Теперь мы все пользуемся и без учености, и без философствования всем готовым в обрядовых формах церковности и большей частью через любовь к обряду соглашаемся подчиняться хотя слегка и мудростям догмата.
Но вначале необходима была огромная работа ученой и отвлеченной мысли для упорядочения, для создания и воплощения всего того, чем мы теперь, как готовым и конкретным, пользуемся.

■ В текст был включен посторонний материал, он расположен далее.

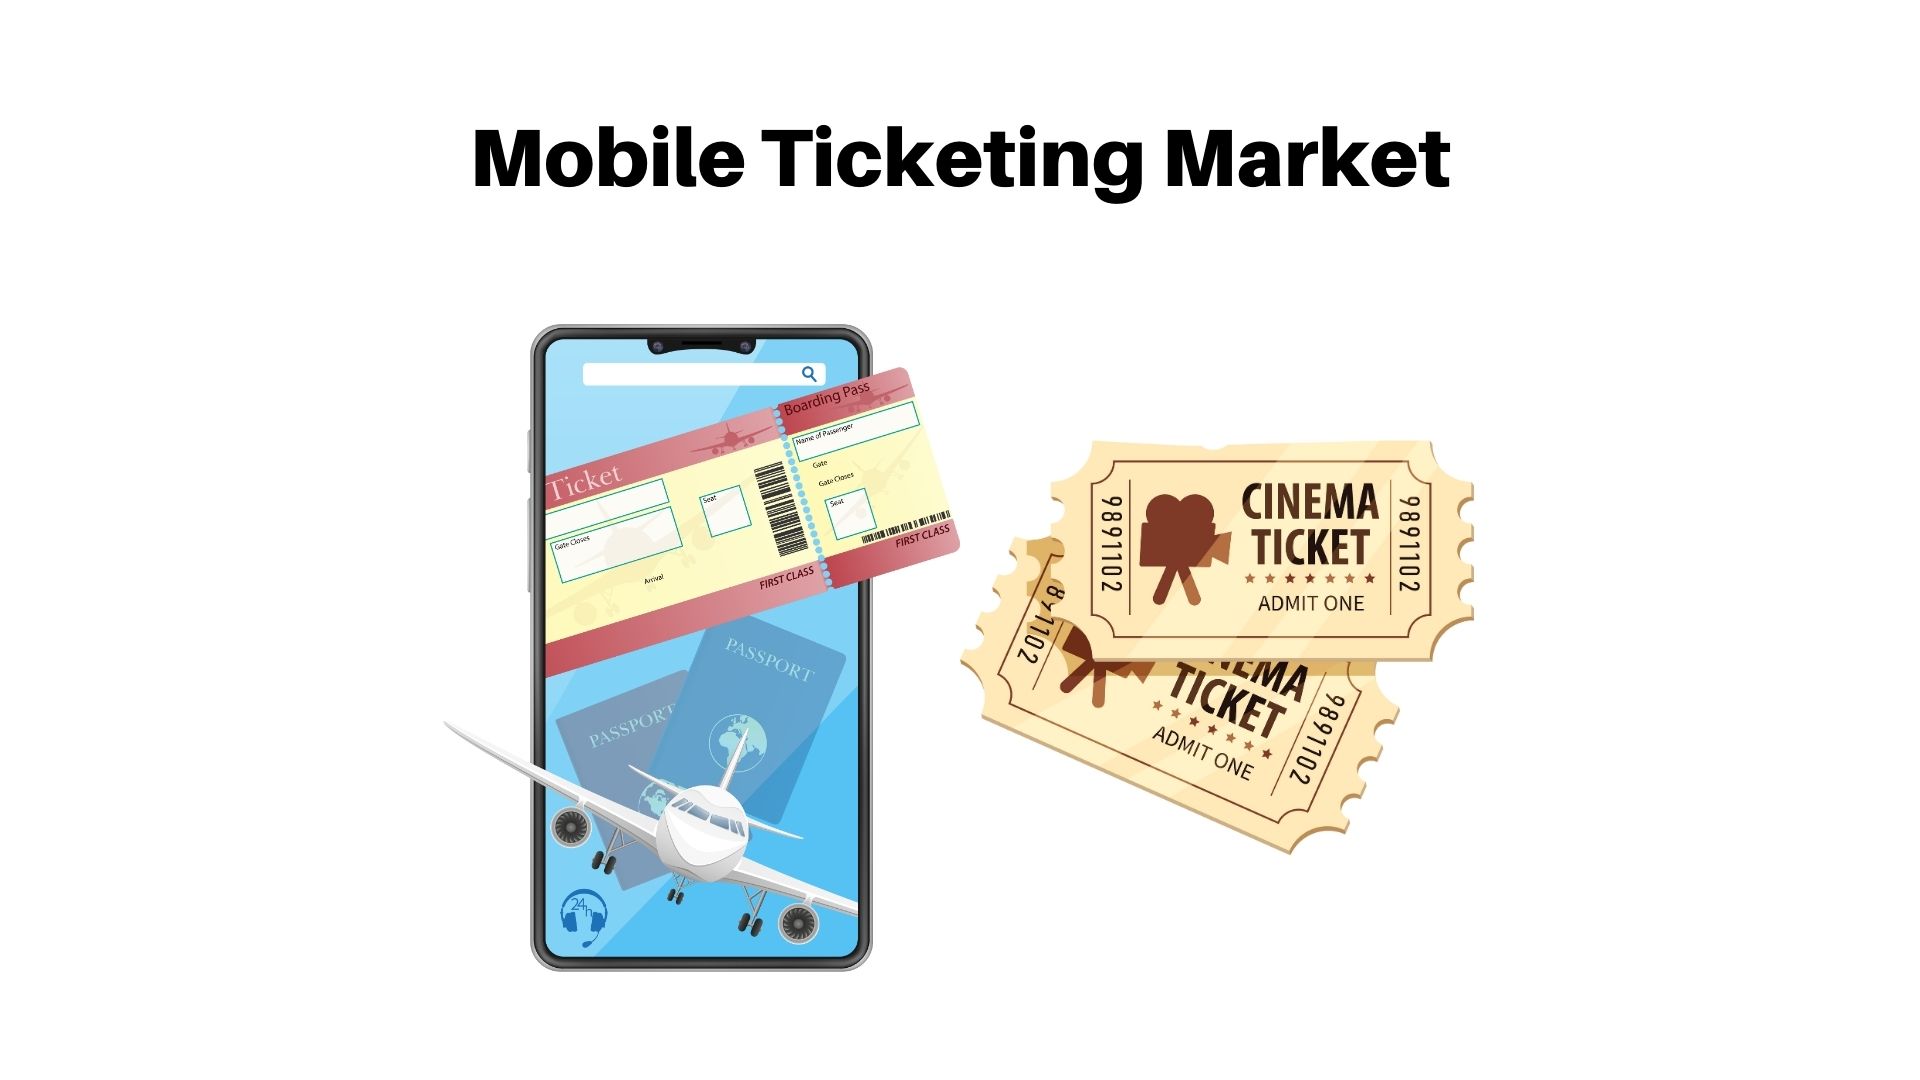 Mobile Ticketing Market Report Offers In-Depth Analysis + Growth Rate 19.7% by 2032

Была, значит, и после времен Аристотеля, Гиппократа, Плиния, Цельзия большая ученость, требовался большой умственный труд; но не было тогда науки такой, какой мы ее теперь понимаем. Не было ни настоящей, сознанной и возведенной в принцип науки для науки (не было монографий «о нервной системе морского таракана», например); не было и вытекающей из нее науки прикладной, утилитарной, дошедшей, наконец, почти до безумия и разврата своими телефонами, фонографами, электрическими освещениями и т. д.
Человечество ко временам Ария, Николая Мирликийского, Василия Великого и Юлиана Богоотступника отказалось надолго и сознательно, философски отказалось, от дальнейшего движения по пути Гиппократов и Плиниев, Аристотеля и т. д.
Варварские нашествия благоприятствовали, правда, этому настроению умов, но, разлившись во всей силе гораздо позднее, не они его создали. Создало его отрицательное отношение новых и вполне сознаваемых ученых идей к результатам и к практике предыдущей образованности.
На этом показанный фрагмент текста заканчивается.